А куда подальше значит в маленькую деревушку.

В старенький домик на берегу, который как раз искал своего счастливого нанимателя.

Глава III. Автобус

Но до старенького домика еще нужно было дойти, а точнее – доехать. Впрочем, путешествие выдалось настолько летне-заурядным, что и сказать о нем, кроме душного автобуса и кочек, совсем как нечего. Жарко и немного укачивает. Классическая во всех смыслах поездка – когда ноги затекают, и одна из ног, та, которая снизу, немеет и отнимается насовсем.

У неё насовсем – правая. Что тут поделаешь – за место приходится платить ногами. В такое время живем. А еще пятой точкой. И почему все автобусные сиденья одинаково плоские и твердые?

Но на сиденьях загадки автобусов не заканчиваются. У автобусов есть еще одна общая черта – они все одинаково медленные, а время в них идет 1 к 2. В смысле, 1 минута как 2. Иногда временной парадокс можно скрасить сном, но после сна автобусное время, кажется, старается взять реванш и перед самым окончанием маршрута замедляется до 1 к 3, чтобы окончательно выровнять пятую точку, придав ей автобусный манер. У Ани, впрочем, еще оставался небольшой запас выпуклости. Чего, конечно, не скажешь про запас терпения.

Когда она проснулась, автобус был пустым или, во всяком случае, казался таковым. Иногда в нем появлялись случайные тени с сумками, но все они вскоре растворялись в солнечном урагане. Они чем-то напоминали мух – вот муха есть, а вот ее нет. Как бы совсем между прочим, настолько несущественное перемещение, что не требует никакого контроля и фиксации вниманием.

Кстати, про внимание – оно было в проносящиеся деревья, да кусты. Все совершенно зеленые и совершенно постоянные. Они бегом передвигались вместе с автобусом, каждый раз догоняя его и махая Ане своими веточками. А иногда мимо проносилось целое стадо березовых зебр.

Первые несколько часов это даже по-своему увлекательно, но даже деревья могут надоесть, если прыгают перед твоими глазами на протяжении 15-часовой поездки из дома прямиком до плоской попы.

– Не могут же они быть везде, – тоскливо прогудела Аня, глядя на зеленые трафареты.

Вскоре она поняла – могут.

Зебры так и вовсе.

А она не могла не смотреть. Смотреть-то ей больше было некуда. Книг с собой она не прихватила. Ни одной-одинешеньки – не любила она их.
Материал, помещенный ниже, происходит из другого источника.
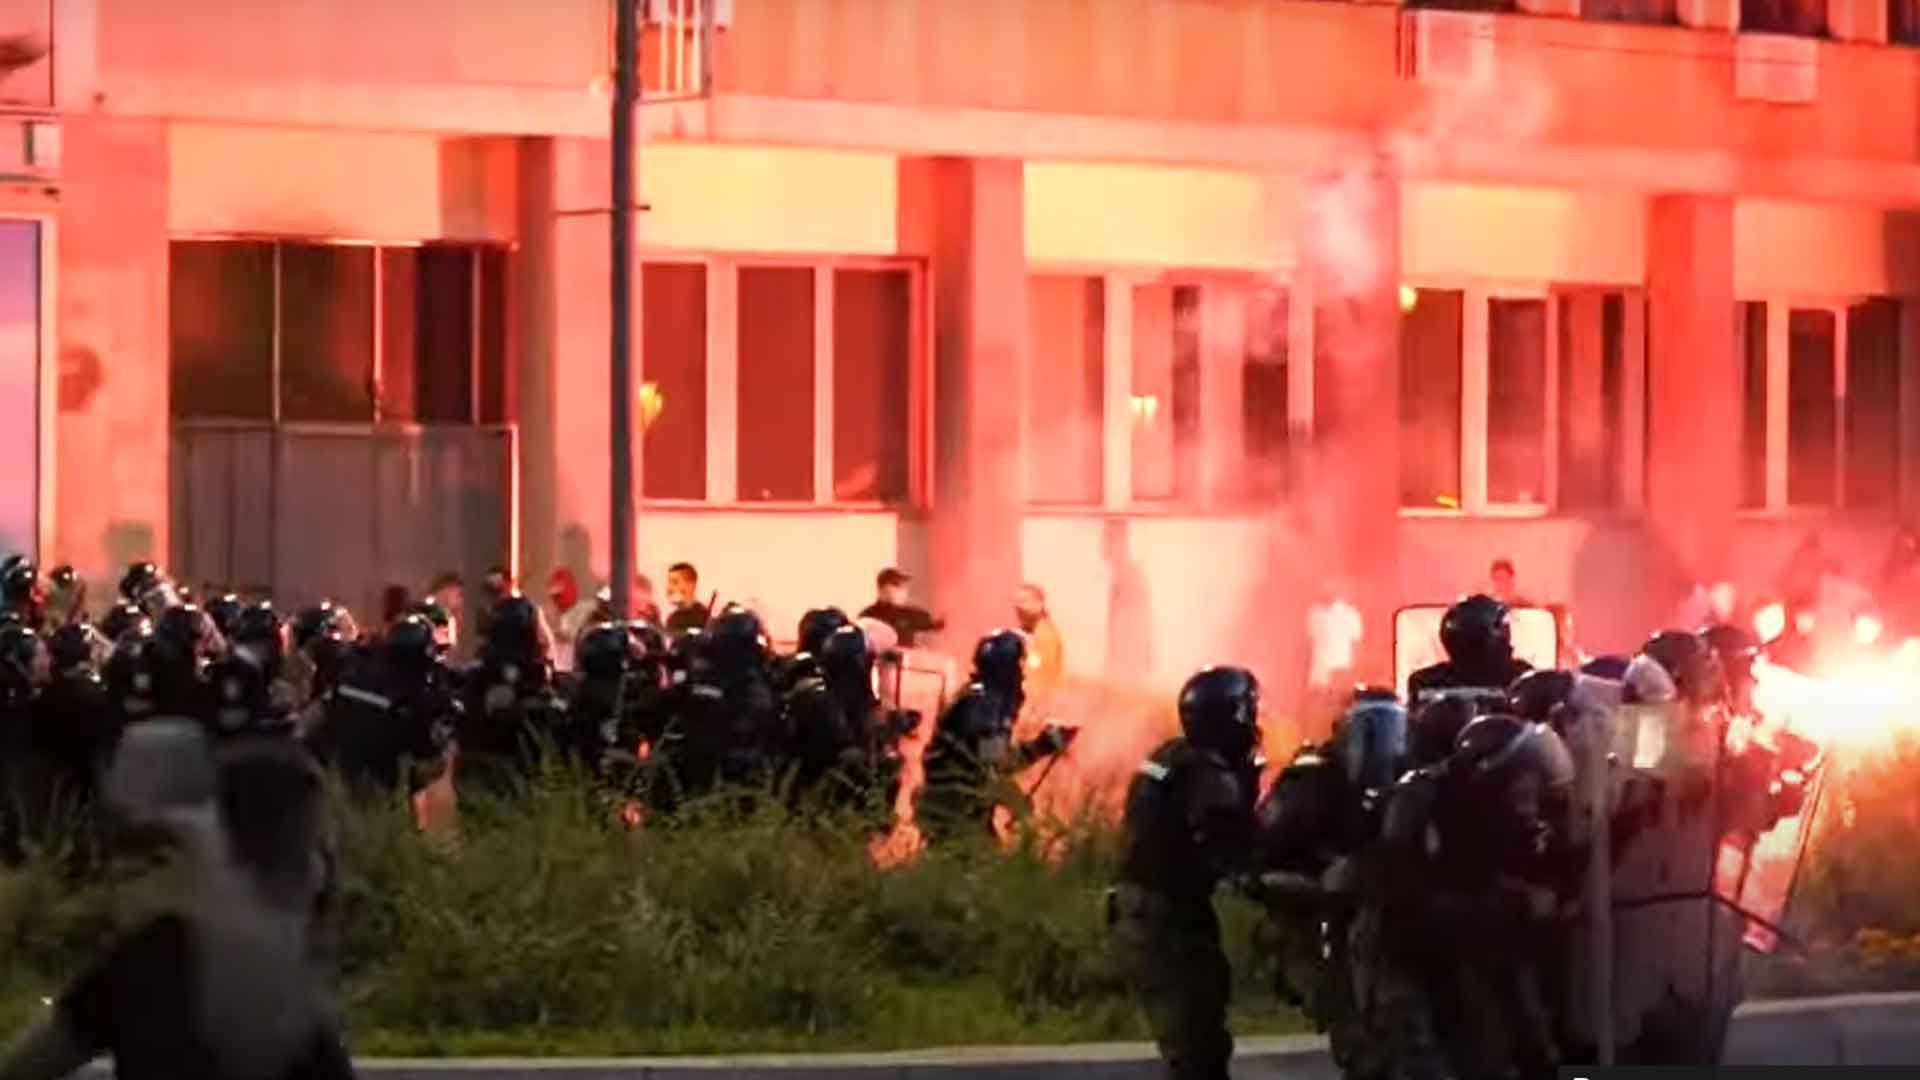 Dailystorm - Власти Сербии сообщили о 36 раненых демонстрантах и полицейских при беспорядках в Белграде

Да, странное дело, она любила писать истории, но не любила их читать. Все дело в фантазии. Когда она бралась за любую книжку, она не могла отделаться от ощущения, что ее написал кто-то совсем такой же как она – ну, человек с двумя руками и ногами. Когда она думала об этом, то хотела чтобы следующим человеком с двумя руками и ногами, о котором подумают в таком странном ключе, была она сама. «Зачем читать чужое, если можно написать свое?» – так думала она, когда писатель по ту сторону книги словно давал ей пинка. А еще ей всегда казалось, что она может написать не хуже.
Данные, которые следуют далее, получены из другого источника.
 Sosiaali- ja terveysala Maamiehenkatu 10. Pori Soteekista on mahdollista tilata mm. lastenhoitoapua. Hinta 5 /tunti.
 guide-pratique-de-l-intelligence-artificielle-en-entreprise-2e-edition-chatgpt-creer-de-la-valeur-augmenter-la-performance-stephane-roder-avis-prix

Конечно, она не могла, но ей все равно так казалось. И поэтому, чтобы в лишний раз не провоцировать себя, Аня вовсе отказалась от идеи читать. Как и от многих других идей. Оно и понятно. В голове для идей есть ограниченное место. Чтобы поместить одну идею, прежде нужно избавиться от другой, освободив полочку для новоиспеченной. А еще не все идеи могут соседствовать друг с другом – иногда может возникнуть конфликт оборудования. Да и вообще, разве может соседствовать друг с другом что-то противоположное? Так же и с ума сойти недолго. Поэтому, предпочитая не сходить с ума, Аня отключила чтение и не подключала обратно, предпочитая узнавать только краткое содержание книг и рассказов, но не читая их самостоятельно. Так она узнавала сюжет и могла, не читая книгу, поставить ей однозначную оценку.
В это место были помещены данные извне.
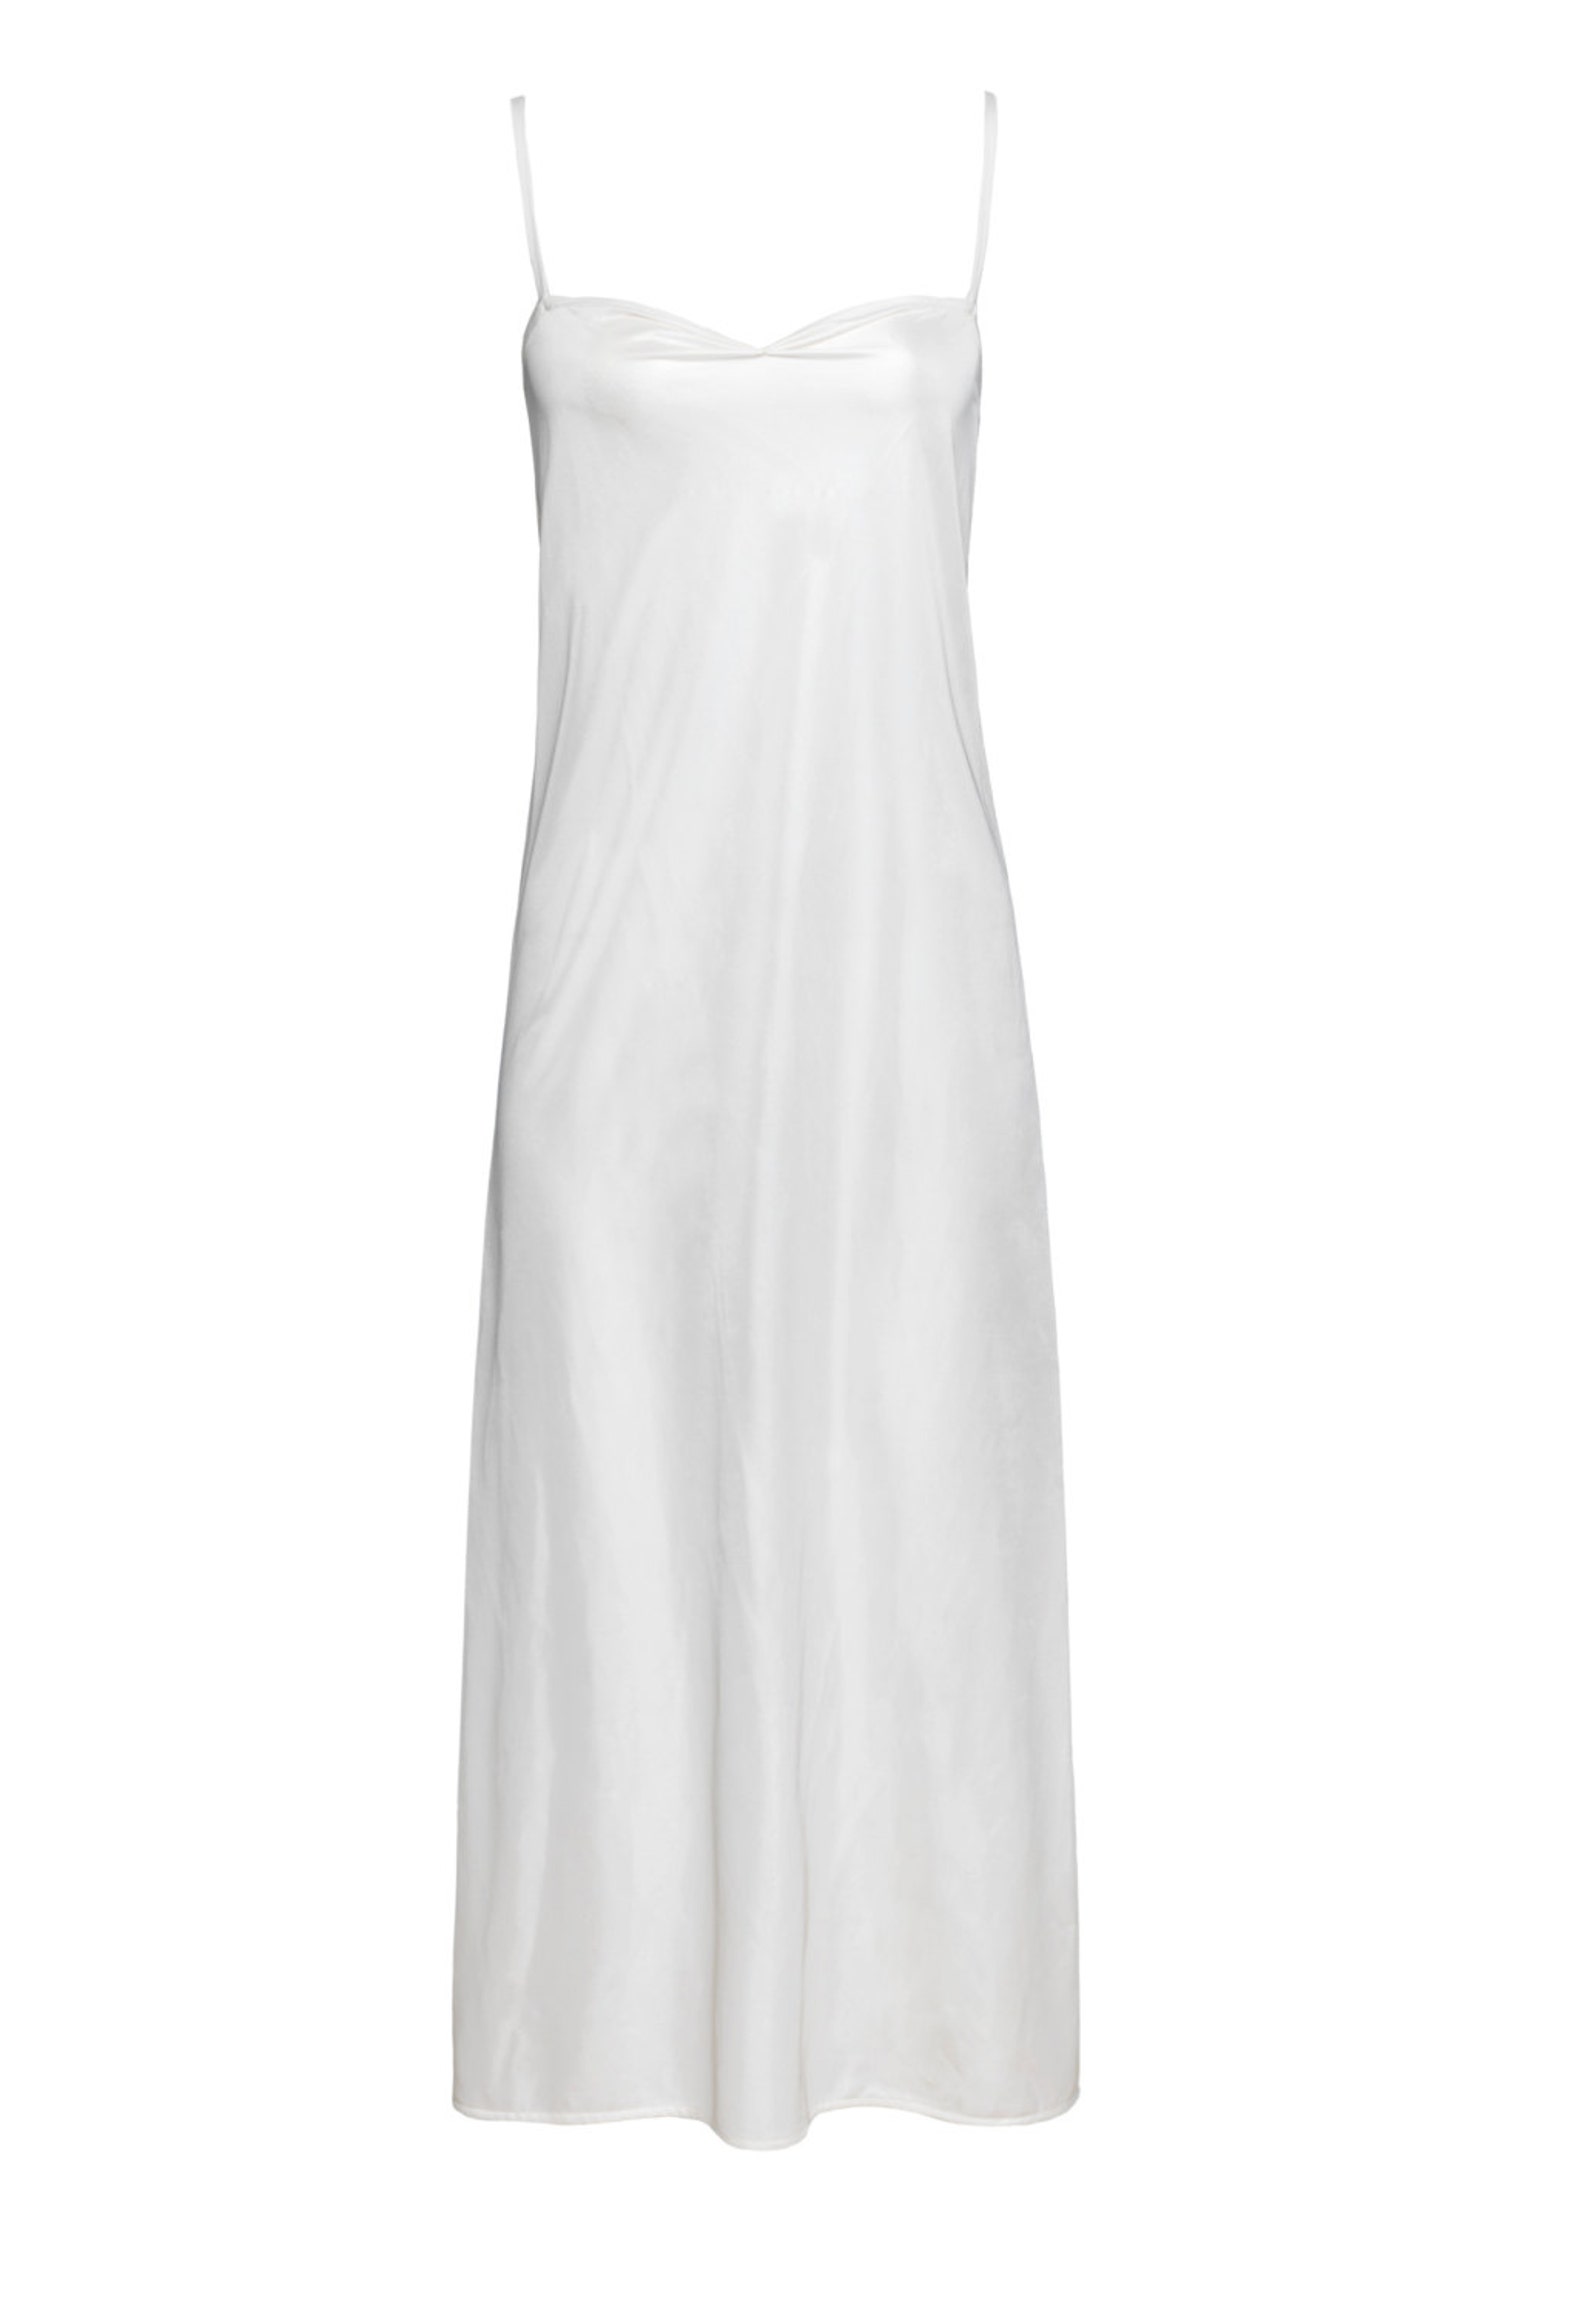 White maxi slip dress / Long white chemise /long bridal slip / | Etsy

И поставила своим ногам однозначную двойку, когда после часов наблюдения за зебрами, они буквально отказывались выполнять свое целевое назначение. Левая так и вовсе подкашивалась, словно сговорилась с тяжелой сумкой на правом плече.

Но стоило выйти из автобуса, как сумка вдруг полегчала, а ноги пошли.

И пришли куда подальше.

Буквально. Но буквами не описать. Это вам не журналистика, в самом деле.

Глава IV. На отшибе

Иногда люди говорят «на отшибе».

Но как убедилась Аня, «отшиб» отшибу рознь.

Перед ней был самый натуральный, первый образец отшиба, с которого все остальные отшибы сделали реплику, ну или слепок на худой конец.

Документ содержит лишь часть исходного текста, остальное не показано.